__Work to complete__
Make an exact copy of the listing below. Pictures stay out of it.

[Input data Boundary: Start]

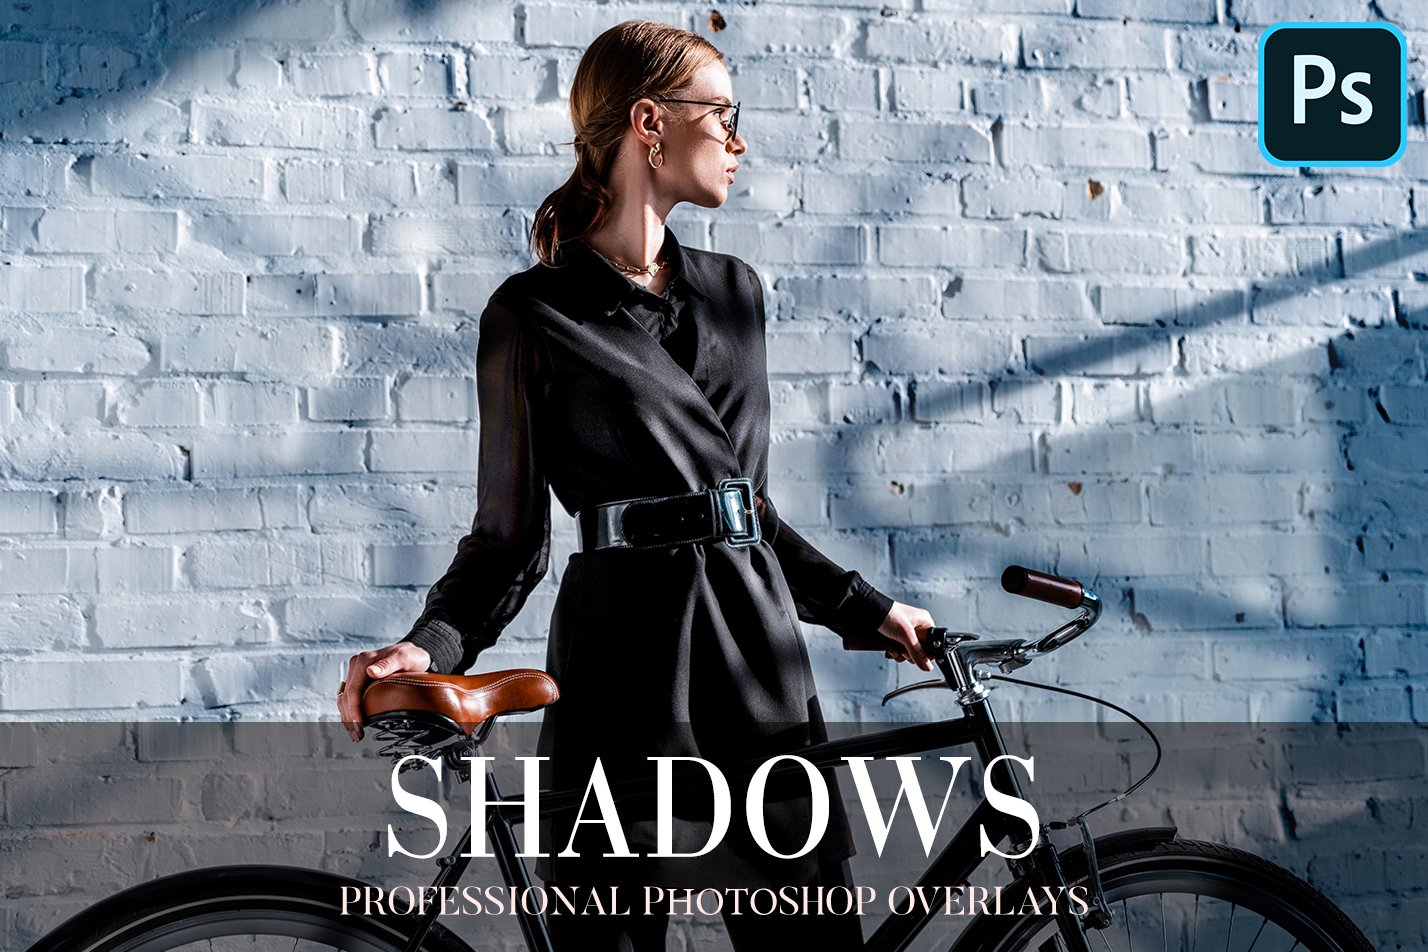 Shadows Overlays Photoshopcover image.
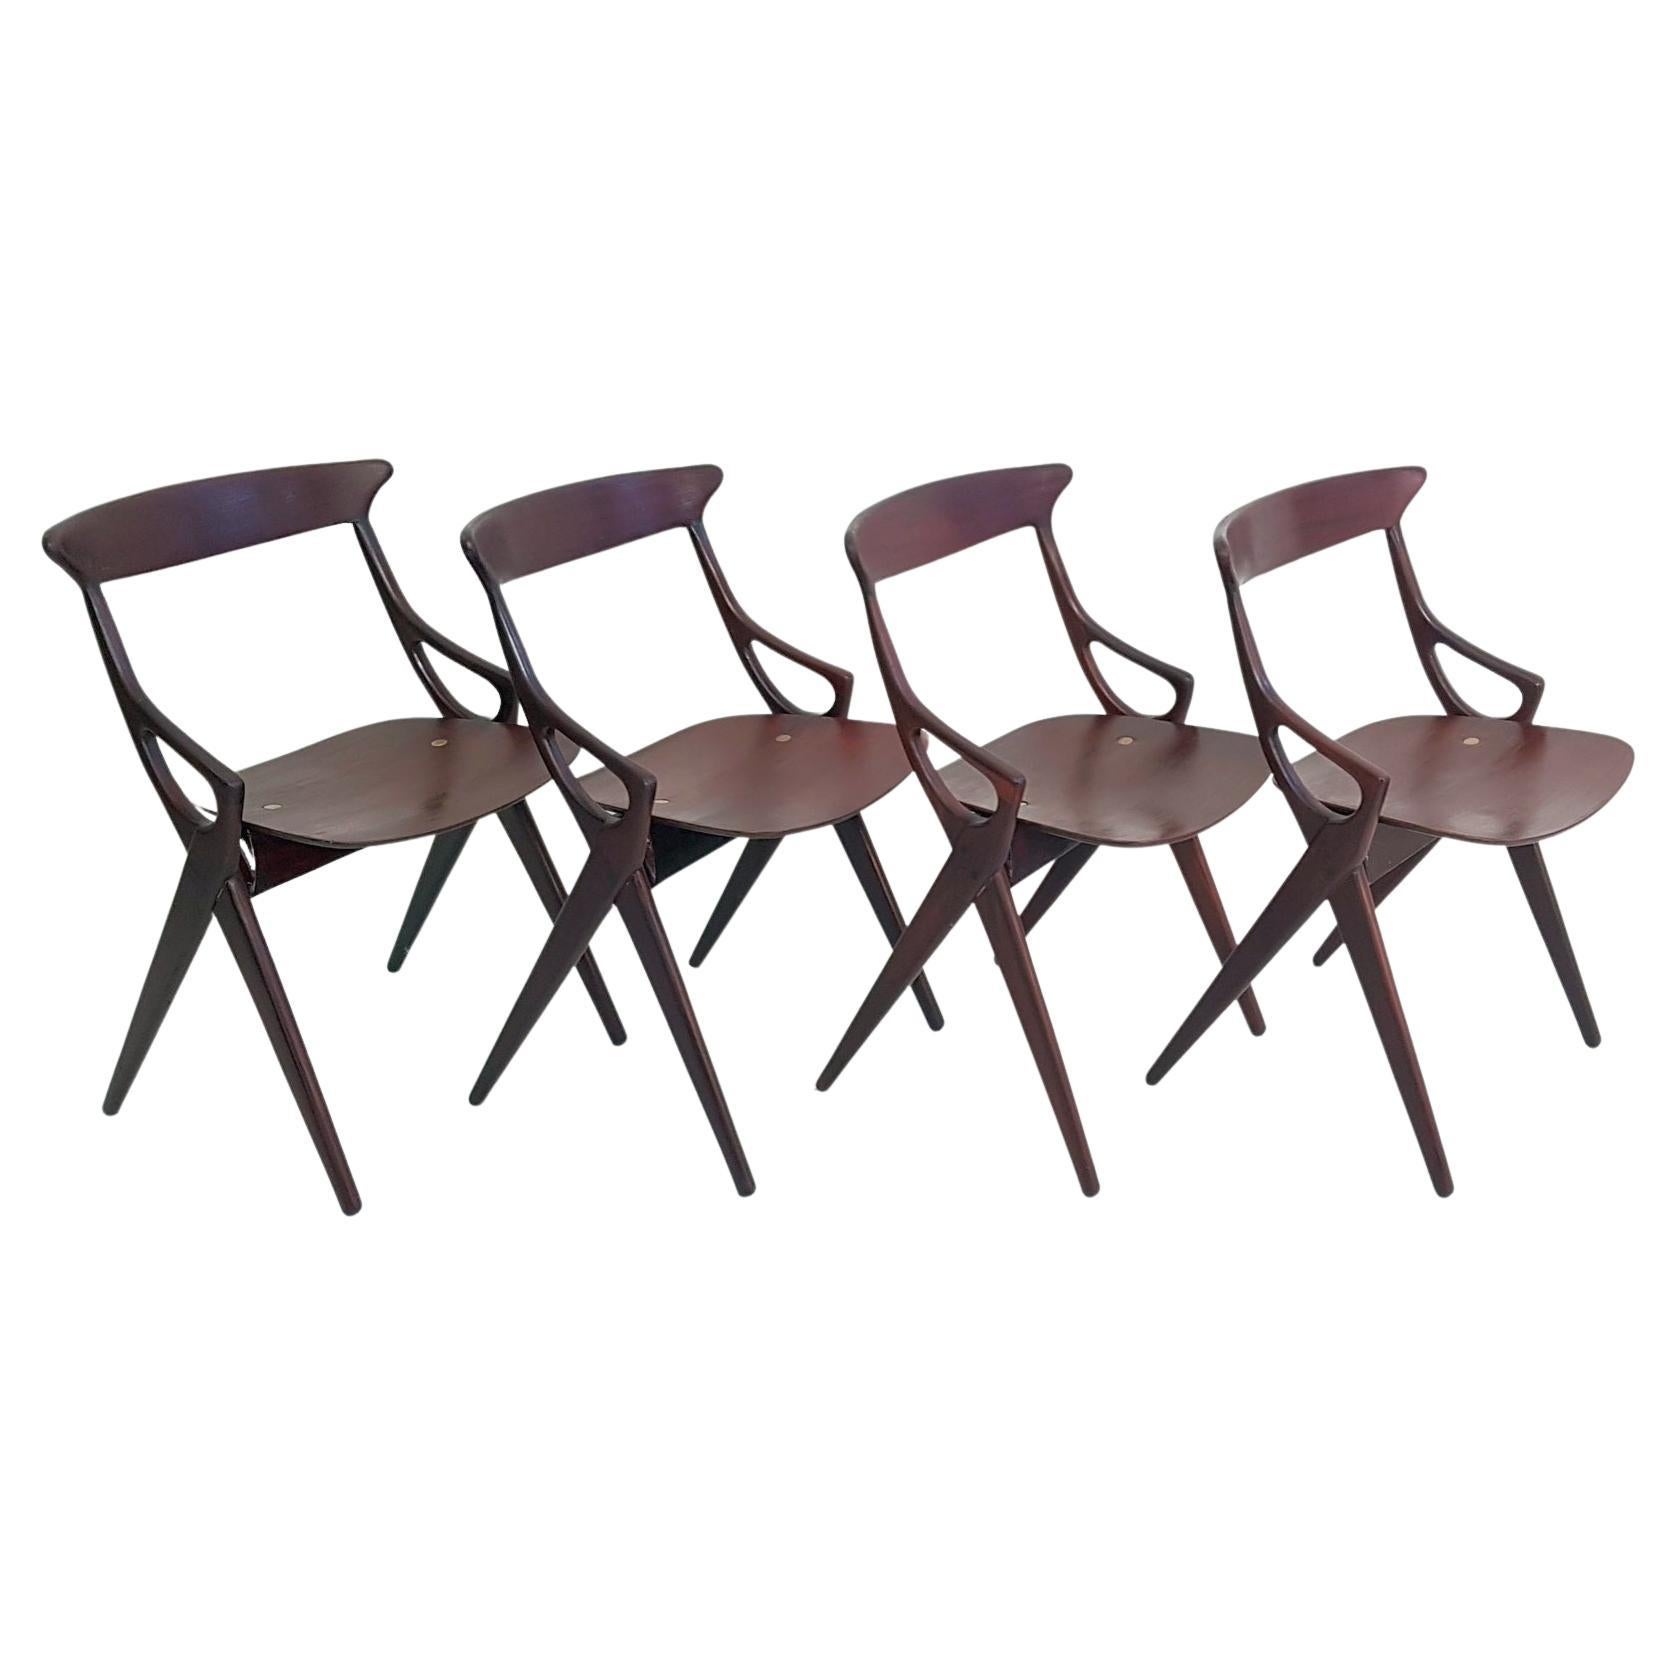 Set of 4 Dining Chairs by Arne Hovmand Olsen for Mogens Kold, Denmark, 1959
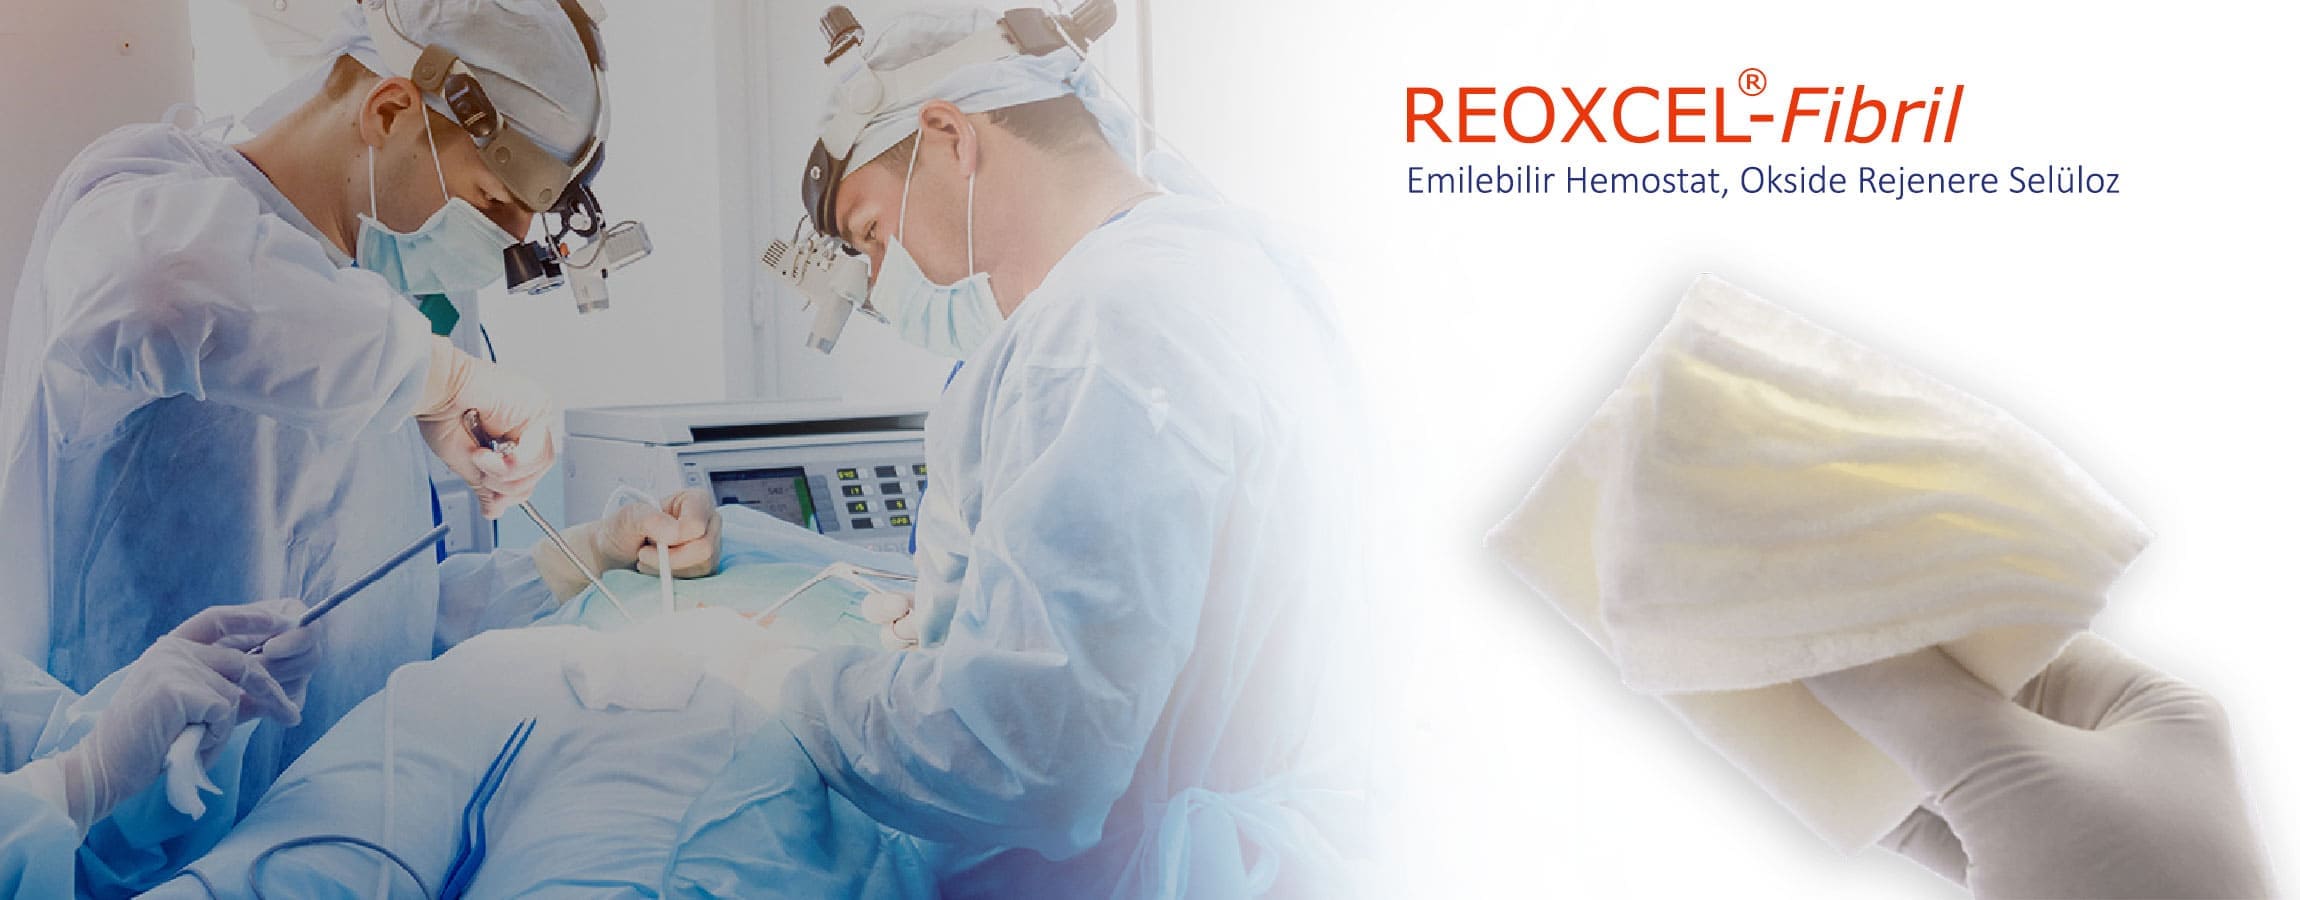 Genel Cerrahide Reoxcel Fibril Hemostat Kullanımı

[Input data Boundary: End]

__Task output__
 Shadows Overlays Photoshopcover image.
 Set of 4 Dining Chairs by Arne Hovmand Olsen for Mogens Kold, Denmark, 1959
 Genel Cerrahide Reoxcel Fibril Hemostat Kullanımı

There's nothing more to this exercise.